The Matryoshka dimensions experiment is also revealing. At 256 dimensions, the finetuned model hit 0.947. At 128 dimensions, it was 0.941. At 64 dimensions, 0.929. At 32 dimensions, 0.903. Compare that to the base model at 256 dimensions: 0.888. So even at 32 dimensions, the finetuned model is better than the base model at 8x the dimensions. For anyone deploying retrieval systems at scale, this is the kind of efficiency gain that matters.

Training multimodal rerankers

Aarsen also briefly covers training multimodal reranker models. The approach is similar: you need a model that takes a query and a candidate document (as text or image) and outputs a relevance score. The dataset format changes slightly — you need (query, candidate, label) triples where the label indicates relevance. The loss function is typically a cross-entropy or contrastive loss. The trainer is the same SentenceTransformerTrainer, just with a different loss and model class.

I won’t go into full detail here because the post covers it, but the key takeaway is that the same infrastructure works for both embedding and reranker models. If you can train one, you can train the other.

What I’d add

Aarsen’s post is solid, but I’d love to see more on data curation. VDR datasets aren’t easy to come by. You either need to create your own by pairing queries with document screenshots, or find a domain-specific dataset. The quality of your training data matters more than the model architecture or loss function. Aarsen doesn’t spend much time on this, but it’s where most of the work actually goes.

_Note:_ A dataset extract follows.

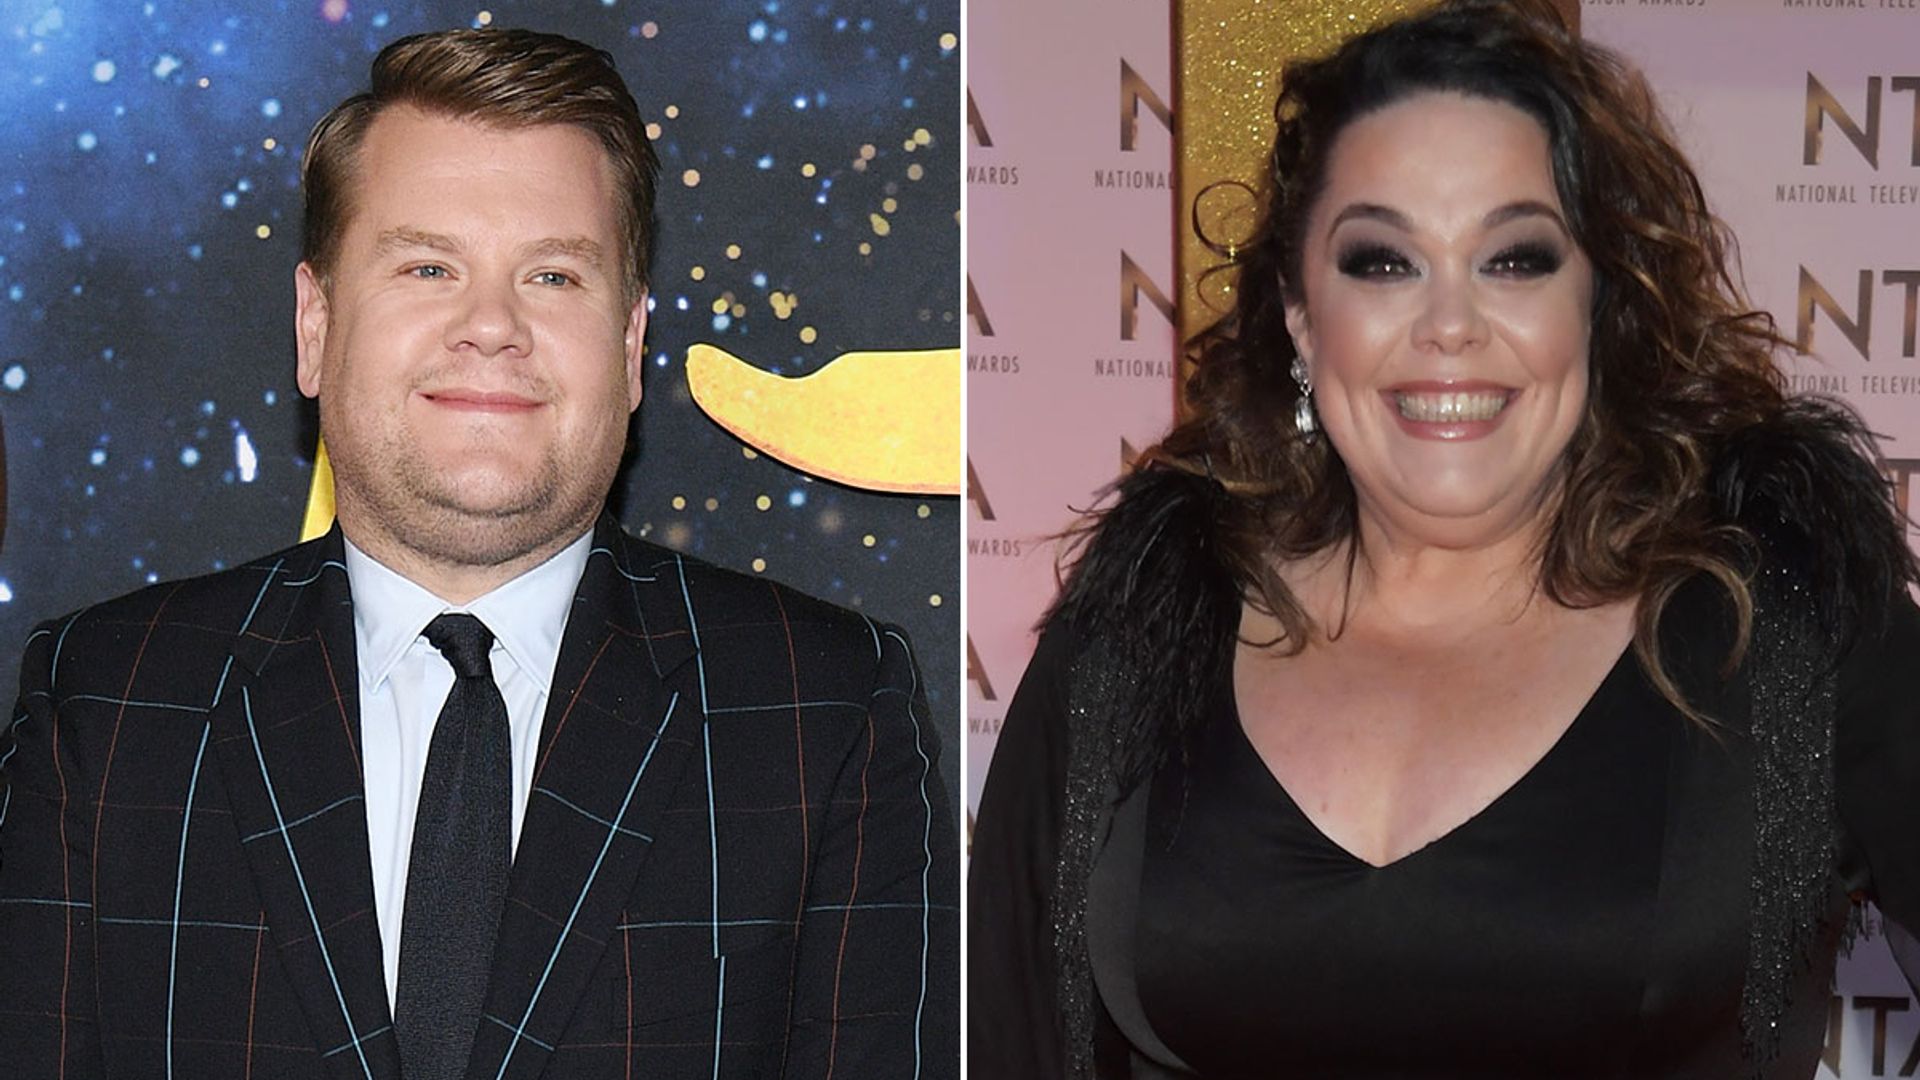 Lisa Riley shares never-before-seen throwback photo with James Corden

Also, the post assumes you have a decent GPU. Qwen3-VL-Embedding-2B is a 2B parameter model. Training it on a consumer GPU is possible with gradient checkpointing and low precision, but it’s not fast. If you’re working with limited hardware, you might want to start with a smaller VLM or use LoRA-style finetuning. Sentence Transformers doesn’t natively support LoRA yet, but you can wrap the model with PEFT and train it separately.

Bottom line

This is a practical, no-nonsense guide to finetuning multimodal embedding models. The results speak for themselves: a 6.6% improvement on a challenging retrieval task, beating models four times larger. If you’re working on visual document retrieval, multimodal search, or any task that requires understanding images and text together, this is worth your time.

The post is on the Hugging Face blog, and the code is on GitHub. Go read it, try it on your own data, and see how much you can squeeze out of a finetuned model.